According to the Swedish Companies Act, the general meeting is the Company’s highest decision-making body and the shareholders exercise their voting rights in the Company there. Certain issues, such as the adoption of the income statements and balance sheets, the disposition of the Company’s results, the granting of discharge from liability for board members and the CEO, election of board members and auditors and fees to the board and auditors are exclusive of the annual general meeting.
The annual general meeting must be held within six months from the end of the financial year. In addition to the annual general meeting, notice can also be given of an extraordinary general meeting. In accordance with the articles of association, notice to convene the general meeting shall be published in post- och inrikes tidningar (the Swedish Official Gazette) and be kept available at the company’s website. When the notice has been issued it shall at the same time be announced in Dagens Nyheter.

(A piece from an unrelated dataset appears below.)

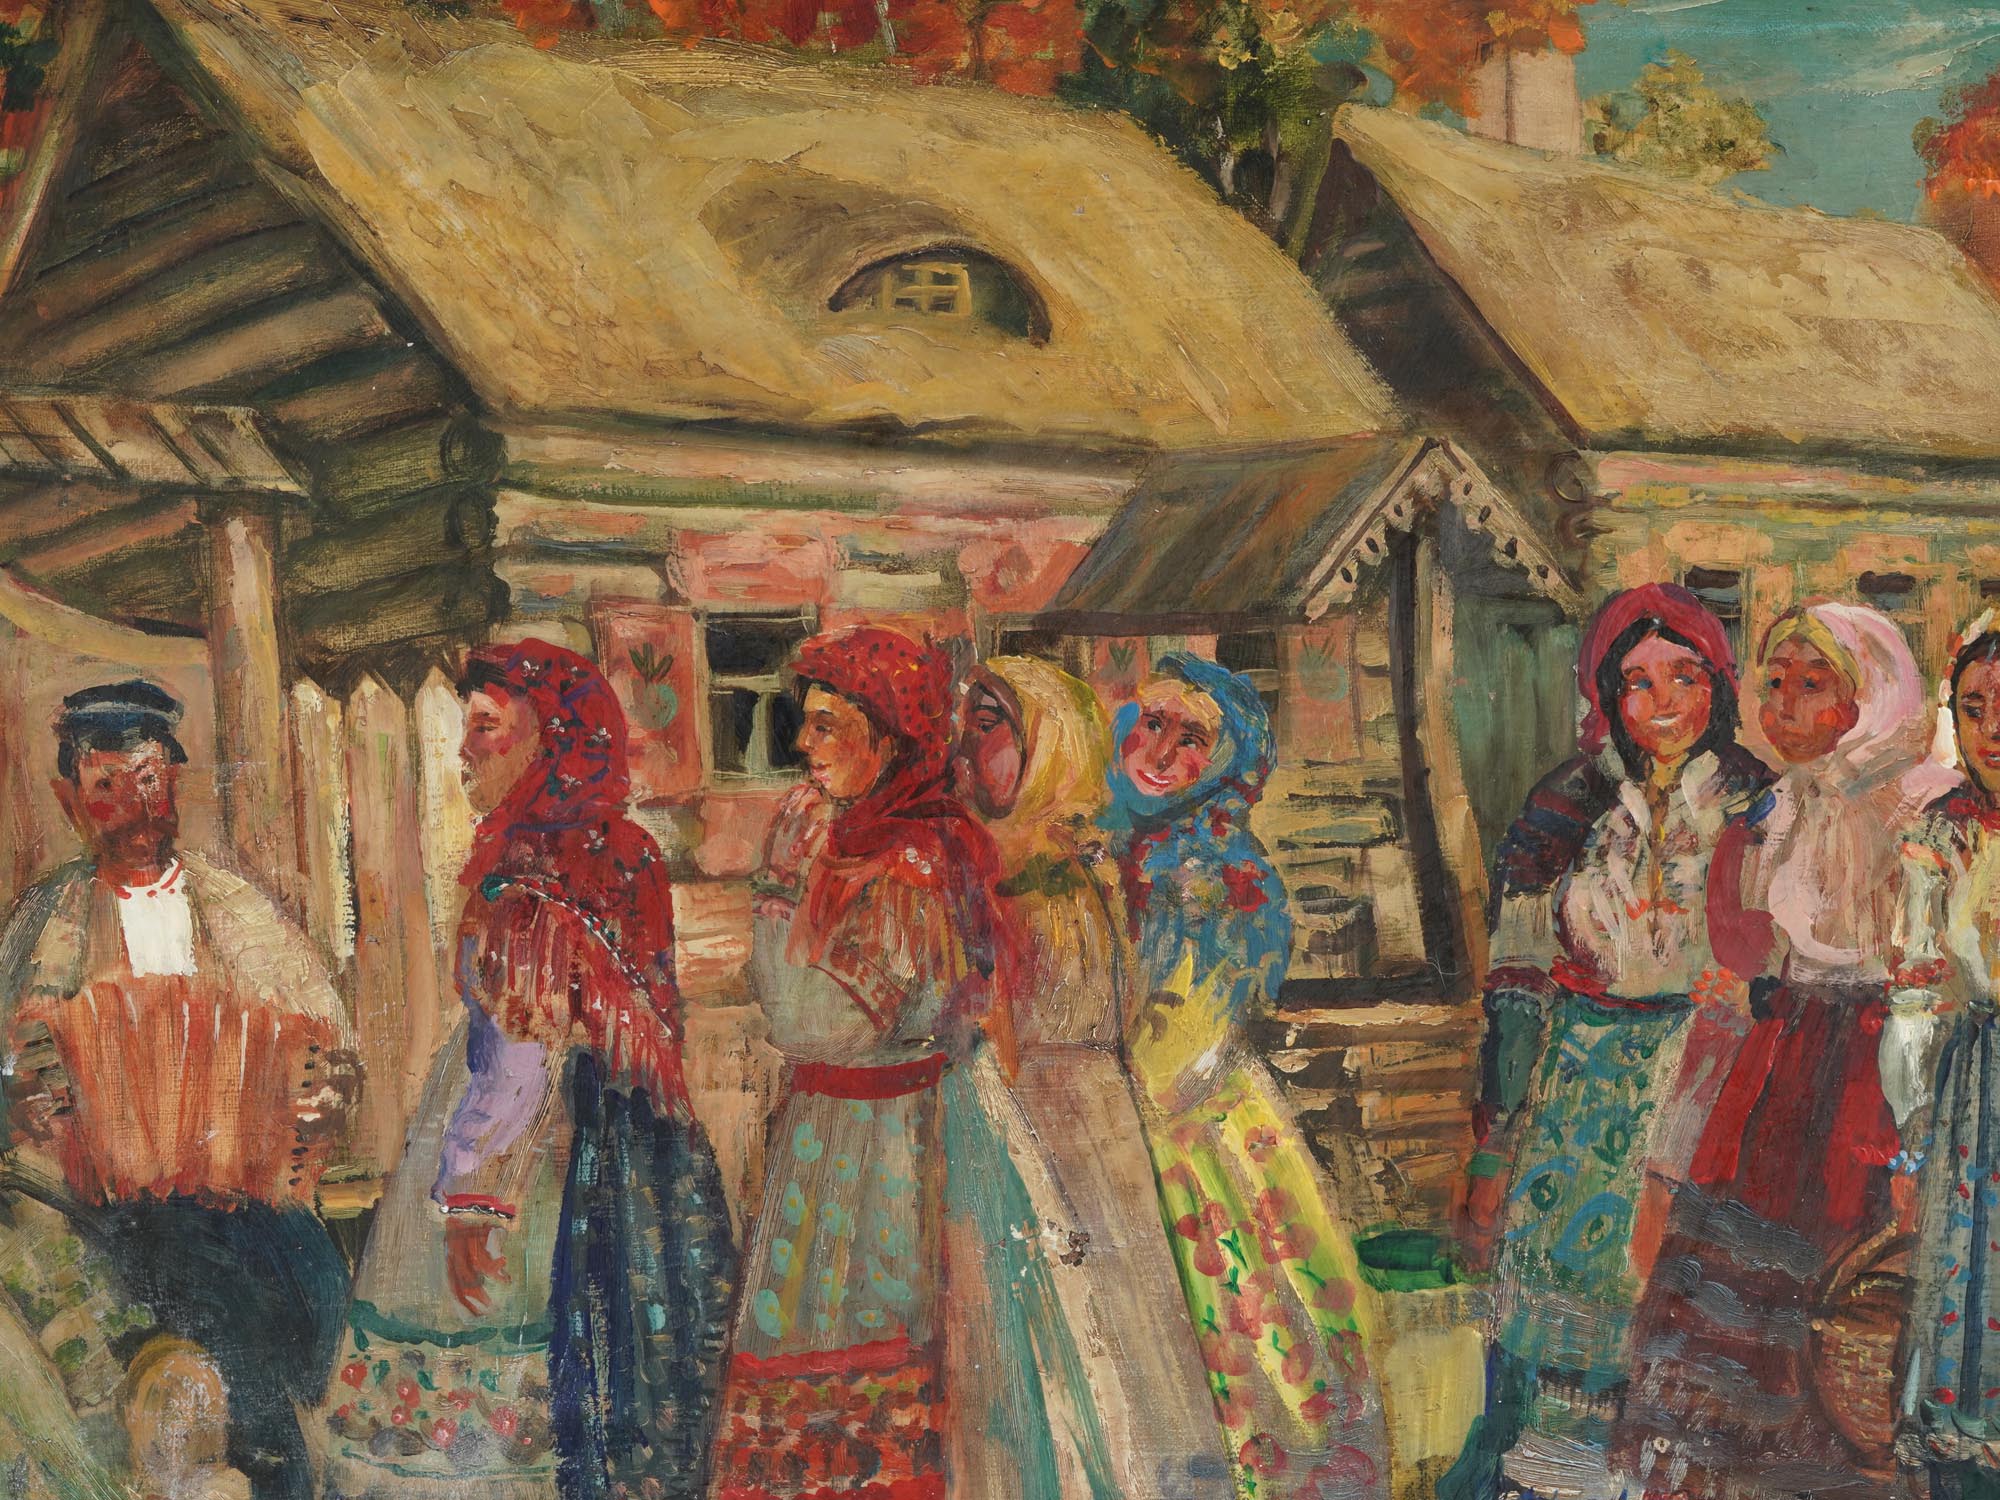 RUSSIAN VILLAGE OIL PAINTING BY ANDREI RIABUSHKIN PIC-2

Right to participate in the annual general meeting
In order to participate in the annual general meeting, shareholders must be entered in the share register kept by Euroclear Sweden six banking days before the meeting and register with the Company no later than the day specified in the notice convening the meeting. Shareholders whose shares are nominee-registered with a bank or other nominee must, in order to be entitled to attend the annual general meeting, in addition to informing the Company, request that their shares be temporarily registered in their own name in the share register kept by Euroclear Sweden. Shareholders should inform their nominees of this in good time before the record date. Shareholders may attend the annual general meeting in person or by proxy and may be accompanied by a maximum of two assistants. It is usually possible for shareholders to register for the annual general meeting in several different ways, which are specified in the notice convening the meeting.